Blahblahblaaah · 07/06/2023 13:51

I'm presently sat with a huge piece of paper plotting out the summer, childcare, activities, holiday clubs, visiting relatives etc. I've asked DH for input and just states everything will be fine and work itself out. He genuinely thinks it will. That we'll just wake up every day and wing it.

If I didn't love the dc so much I'd let him crack on, we'd all have a shit summer and it would be terrible. But that'd be the only way he'd get to learn.

Tillybud81 · 07/06/2023 13:55

Ohdostopwafflinggeremy · 07/06/2023 11:26

I do ALL the planning for EVERYTHING so he doesn't have any mental effort EVER. Just a little imput or thought now and again would be nice though 🙄

This!

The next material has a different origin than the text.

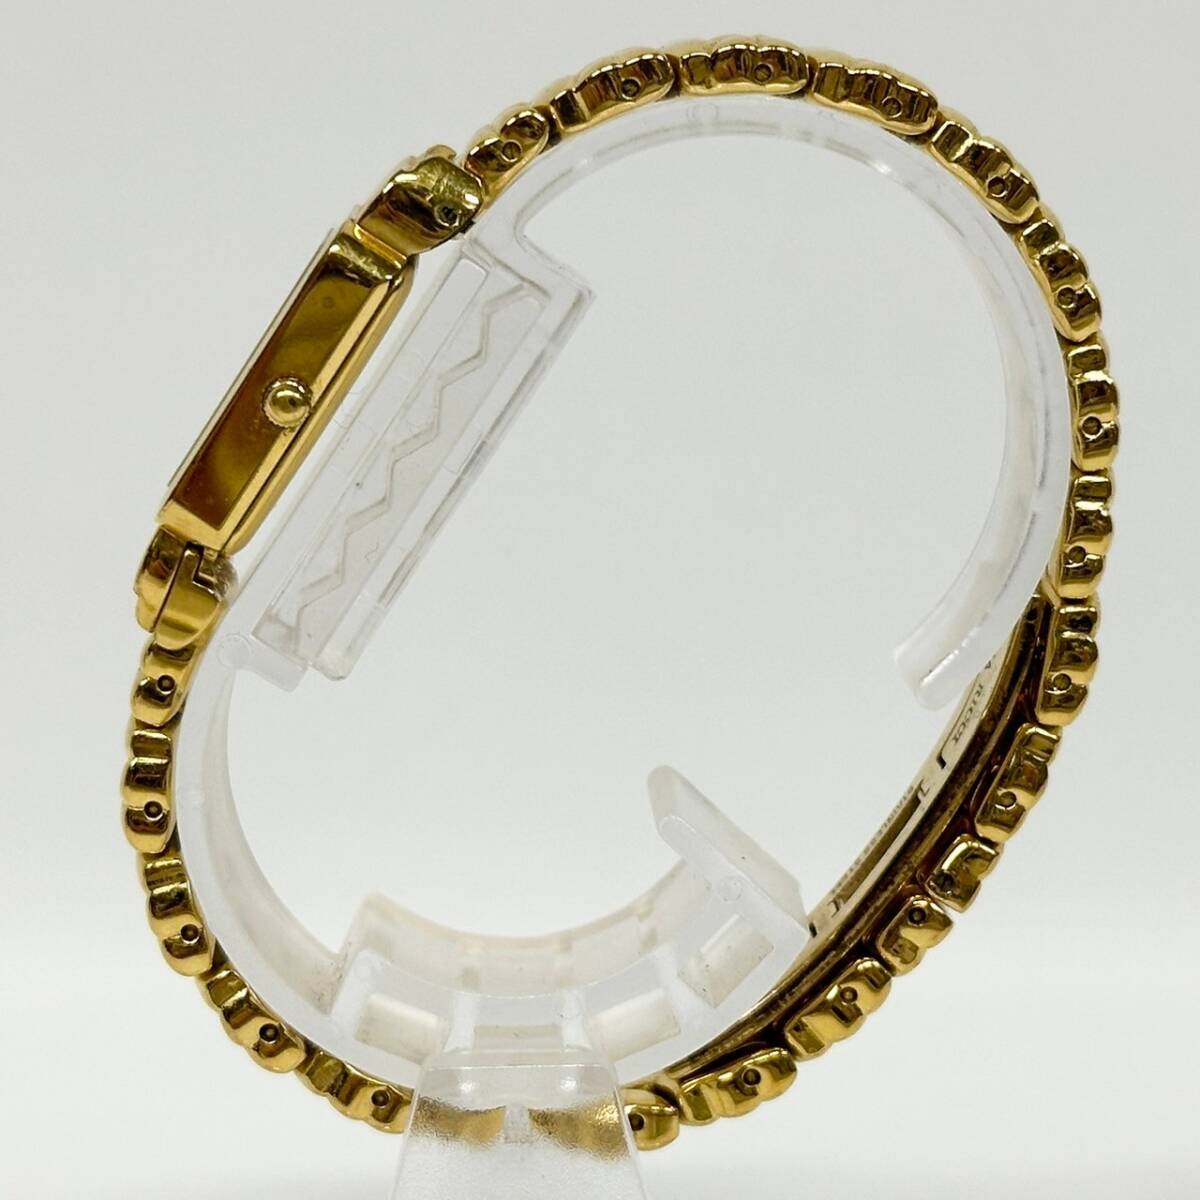 1 jpy ~[ real movement ] Nina Ricci NINA RICCI S950 quartz lady's wristwatch shell face square face Rome n 2 hands Switzerland made G142878

I had this with my now ex, everything from holidays to what to have for tea was met with "I'm easy" or "whatever you want"! It was exhausting and played a big part in my leaving him, he just had no imagination for anything

AmandaHoldensLips · 07/06/2023 14:27

If it were left to my DH, we would never go anywhere, do anything, or eat anything except cheese sandwiches.

Ohdostopwafflinggeremy · 07/06/2023 14:52

AmandaHoldensLips · 07/06/2023 14:27

If it were left to my DH, we would never go anywhere, do anything, or eat anything except cheese sandwiches.